When asked about arbitration, BCBSA Senior Vice President at the Office of Policy and Representation Justine Handelman told reporters that “there are proposals on the table that protect consumers and take them out [of the equation]. We don’t want any surprise bills…arbitration does not stop surprise bills.” (InsideHealthPolicy).
With both insurers and providers lobbying on different sides, there’s been a significant increase in dark money groups attacking lawmakers who don’t support arbitration. The Energy & Commerce Committee passed a bill earlier this year that would prevent arbitration unless the charges in question exceed $1,250, but BCBSA Vice President of Legislative and Regulatory Policy Kris Haltmeyer says that insurers would not support a limited form of arbitration, regardless of whether conceding leads to overall compromise. (InsideHealthPolicy).
CMMI Looking to Shift Fee-For-Service Beneficiaries to Value-Based Care by 2025
Officials at the Center for Medicare & Medicaid Innovation (CMMI) are looking to move all Medicare fee-for-service beneficiaries into alternative payment models by the year 2025, according to remarks by a senior official to the Partnership to Empower Physician-Led Care. CMMI senior adviser Sanjay Doddamani told the group last month where the sector expects to see value-based care increase, citing physicians should not have to split different methods of care between patient groups. (InsideHealthPolicy).
Where CMS is seeing growth in Medicare Advantage, “having some levers to improve outcomes and reduce cost even in the MA environment are going to be important in terms of alignment, as well as from private payers,” said Doddamani. (InsideHealthPolicy).

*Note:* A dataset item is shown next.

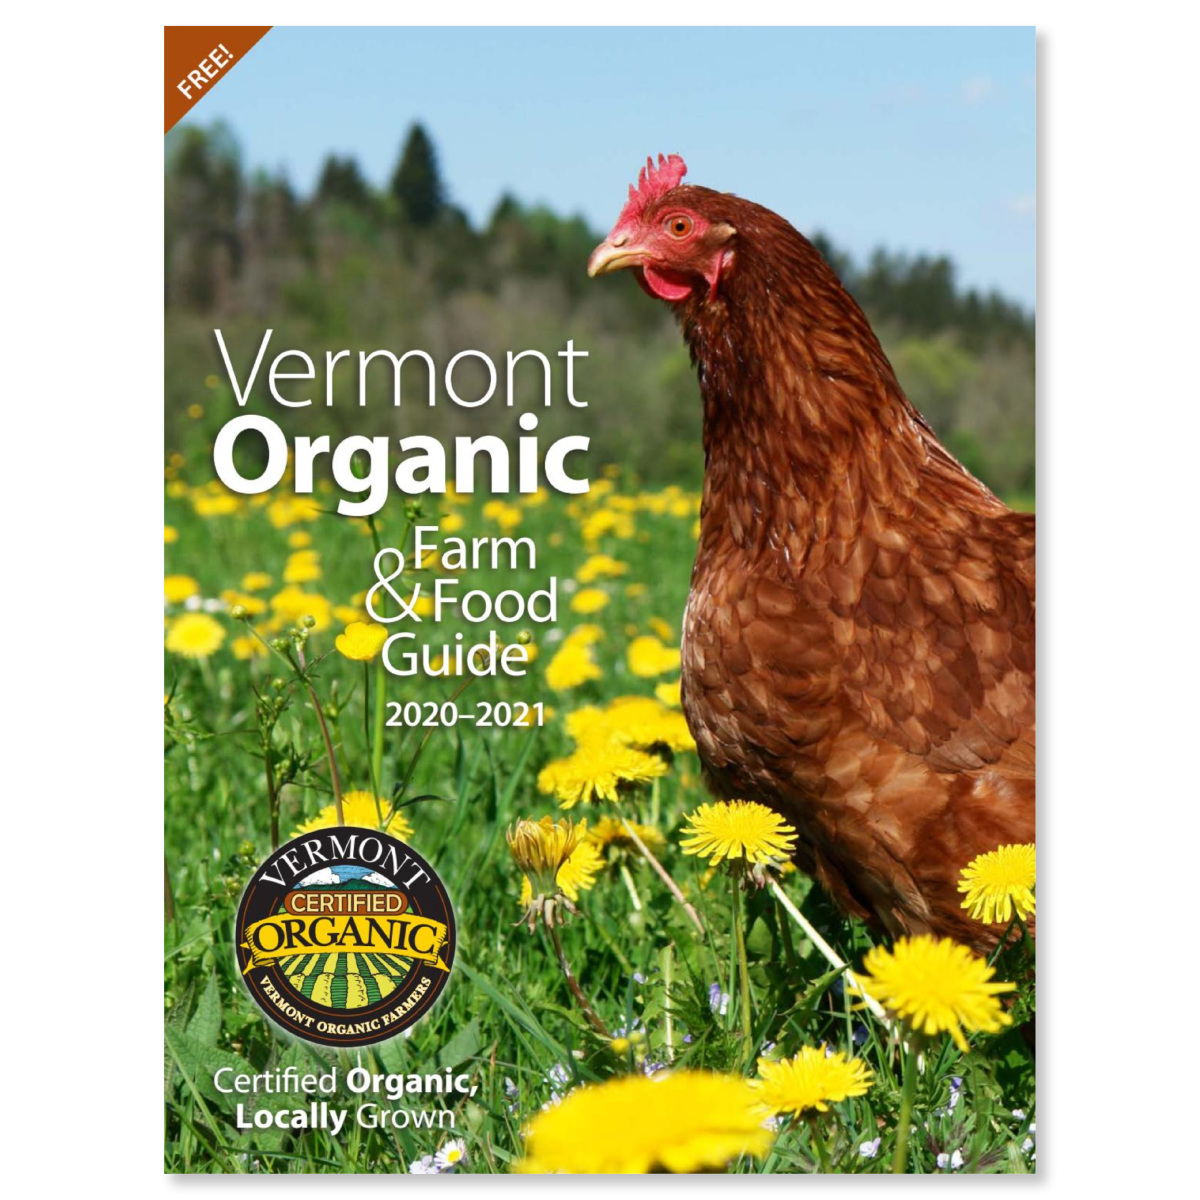 NOFA Organic Guide

CMS Administrator Seema Verma had also recently addressed value-based arrangements, calling on insurers to act before becoming “obsolete if Medicare for All were to move forward.” Other officials from CMS have confirmed the agency is accelerating the move to value-based payments with the help of a partnership with the Health Care Payment Learning and Action Network. (InsideHealthPolicy).
A report released last month by the Health Care Transformation Task Force noted that value-based pay accounted for more than half of provider and payer members’ business at the end of 2018. In an effort to reach the 2025 milestone, the task force will look to have 75% in value-based pay arrangements by the end of 2020. (InsideHealthPolicy).
Trump Seeks to Boost Medicare Advantage Through Executive Order
Last week, President Trump signed an executive order to strengthen Medicare Advantage, enable HHS to establish market-driven rates on traditional Medicare, and bring payments in fee-for-service programs in-line with payments for Medicare Advantage. The administration is also seeking to expand services private plans may offer as a result of the announcement. (InsideHealthPolicy).
At the signing ceremony in Florida, Trump addressed the improved benefits to Medicare through the order and criticized “Medicare for All,” calling out the Democratic candidates for the 2020 presidential election who have backed the approach and other forms of progressive health policies. The President asserted that Medicare for All would “totally obliterate Medicare” and cut the program to finance “socialism.” (InsideHealthPolicy).
“Medicare is under threat like never before,” Trump said. “I will never allow these politicians to steal your health care and give it away to illegal aliens.”
The executive order also calls on CMS to monitor and revisit pay disparities between physicians and non-physicians to ensure that practitioners are reimbursed for work performed, regardless of occupation. (InsideHealthPolicy).